For the last thirty years, Hollo has lived in the United States, teaching creative writing and literary translation at numerous colleges and universities, including SUNY Buffalo, The University of Iowa, and The University of Colorado. He has read his work, lectured, and conducted workshops at many universities and colleges, art museums and galleries, literary conferences, coffeehouses, and living rooms.

He is now Associate Professor in the Graduate Writing and Poetics Department at The Naropa Institute, a Buddhist-inspired nonsectarian liberal arts college in Boulder, Colorado, where he and his wife, the painter Jane Dalrymple-Hollo, make their home.
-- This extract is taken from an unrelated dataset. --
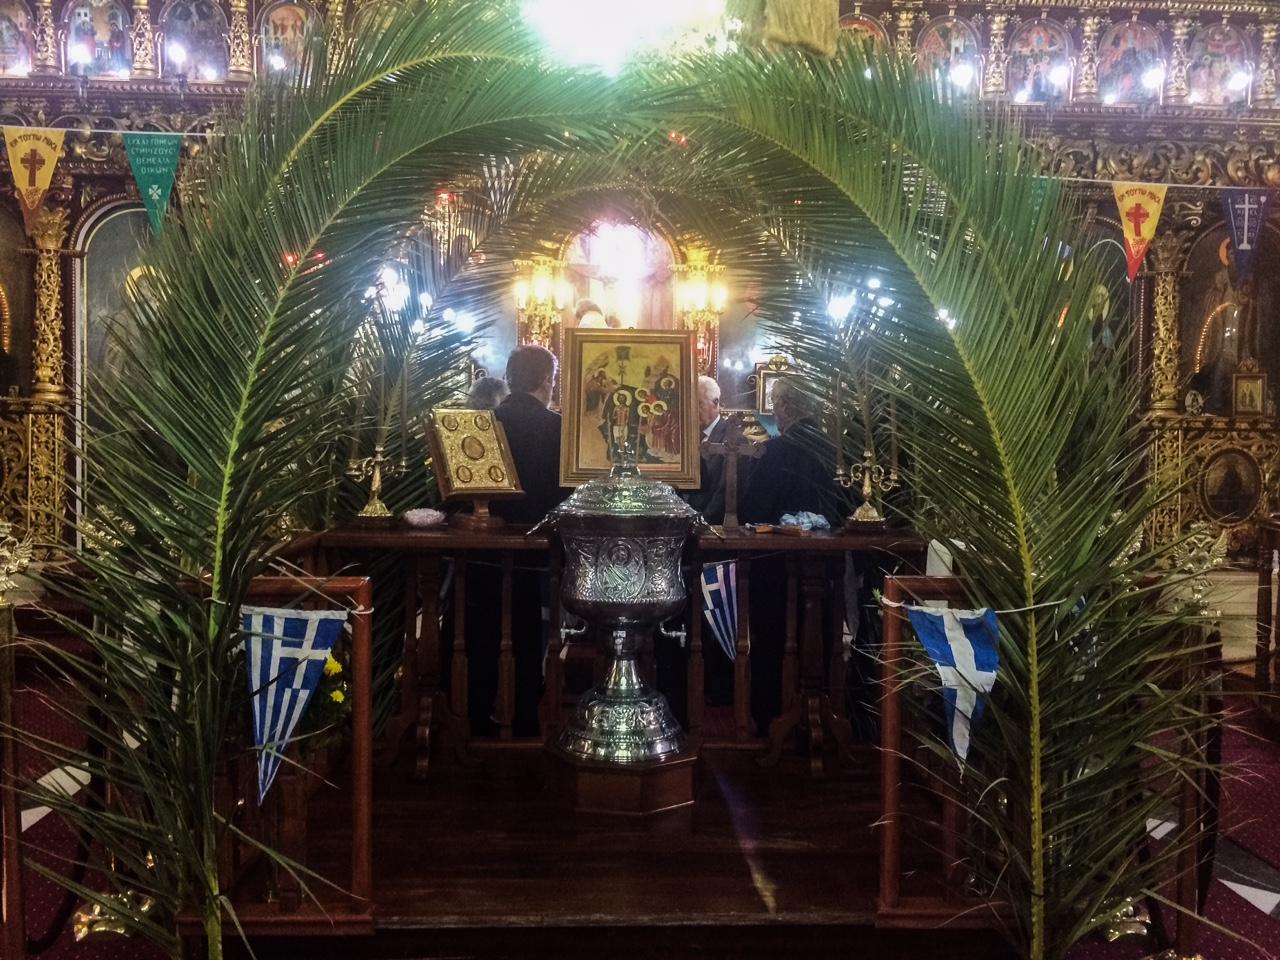 Ποια η  διάκριση μεταξύ του Μεγάλου και Μικρού Αγιασμού  στις Ακολουθίες των Θεοφανείων

Hollo has published more than thirty-five books and chapbooks of his poetry, most recently Corvus (Minneapolis: Coffee House Press, 1995) and AHOE (Erie CO: Smokeproof Press, 1997). He has also translated many contemporary Finnish poets, among them Paavo Haavikko (Selected Poems 1949 - 1988, Manchester UK: Carcanet Press, 1991) and Pentti Saarikoski (Trilogy: the last three books, Los Angeles CA: Sun & Moon, 1998), as well as fiction, plays, and poetry (by a.o. Brecht, Paul Klee, Genet, Blok, Louis Malle) from the German, French, Swedish, and Finnish.
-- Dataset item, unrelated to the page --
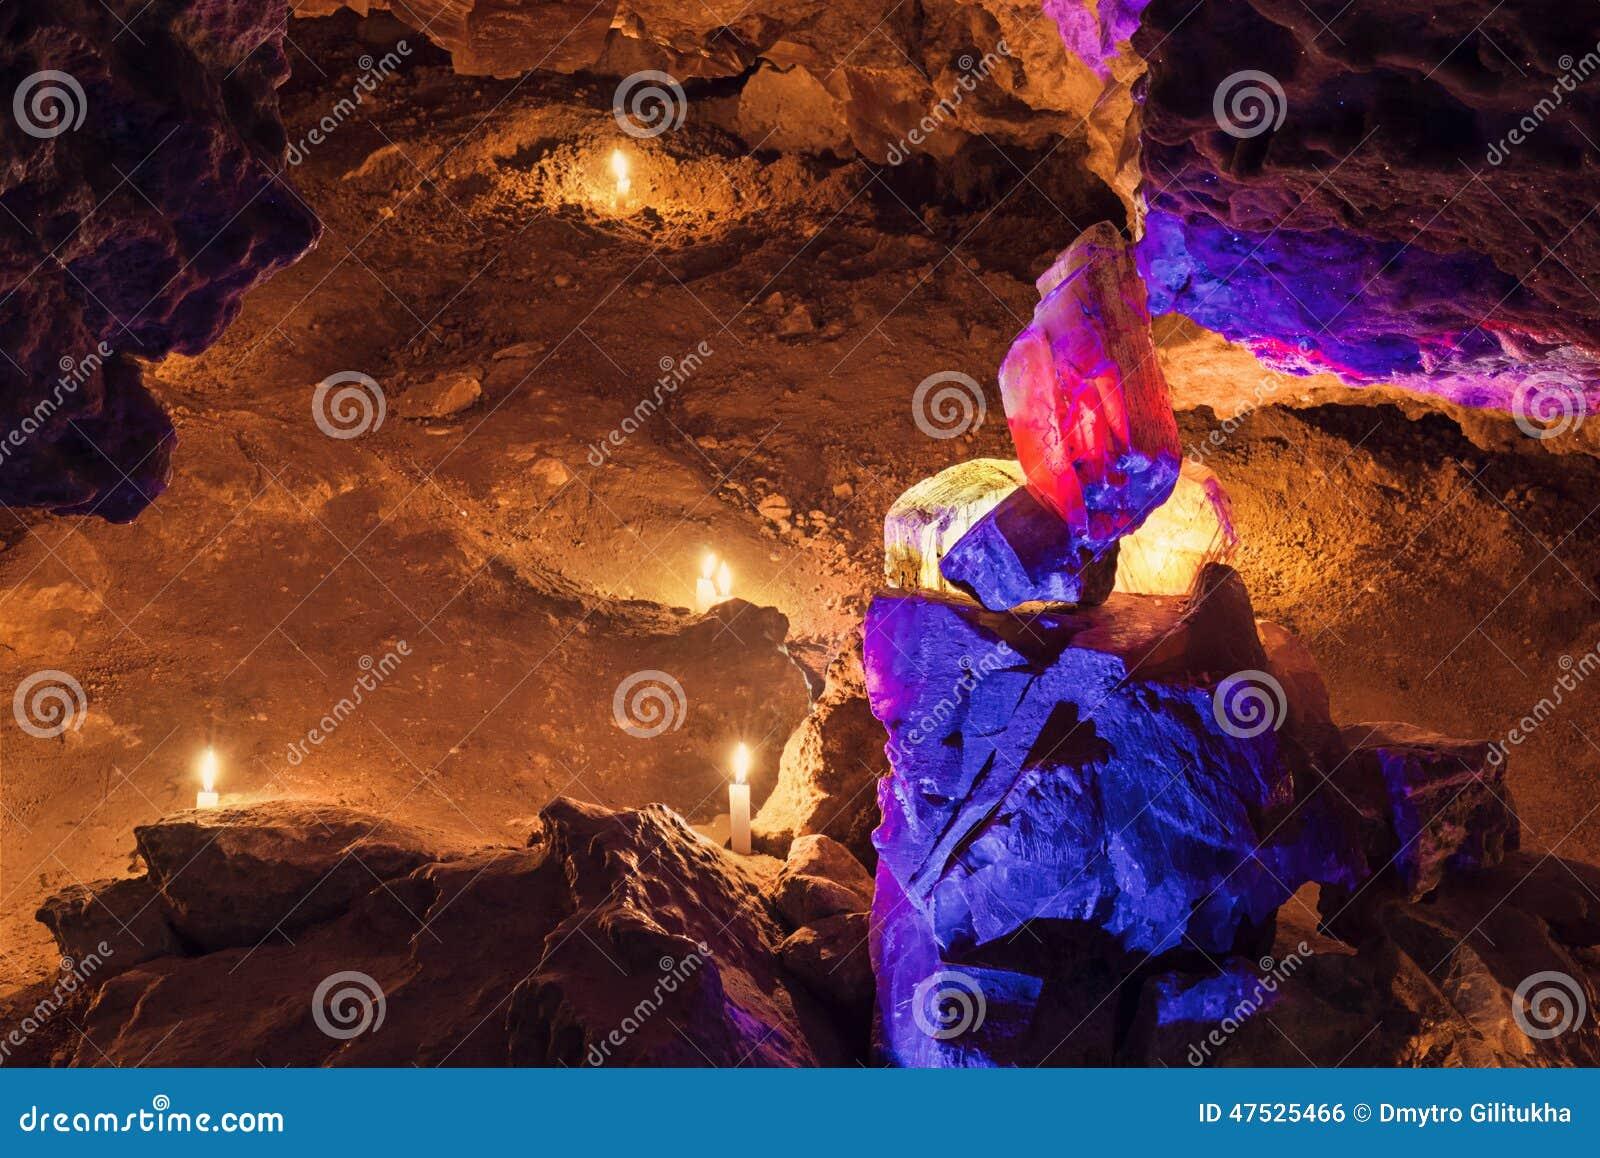 Duży rewolucjonistki i koloru żółtego crysta w jamie Mlynky jama, Ukraina

Hollo's honors and awards include the New York State Creative Artists' Public Service Award (1976), a National Endowment for the Arts (NEA) Poet's Fellowship (1979), the P.E.N./American-Scandinavian Foundation Award for Poetry in Translation (1981), the American-Scandinavian Foundation Award for Poetry in Translation (1989), Fund for Poetry Awards for Contributions to Contemporary Poetry (1989, 1991), The Finnish Government Prize for Translation of Finnish Literature (1996), and a Gertrude Stein Award in Innovative American Poetry 1995-1996 (1996).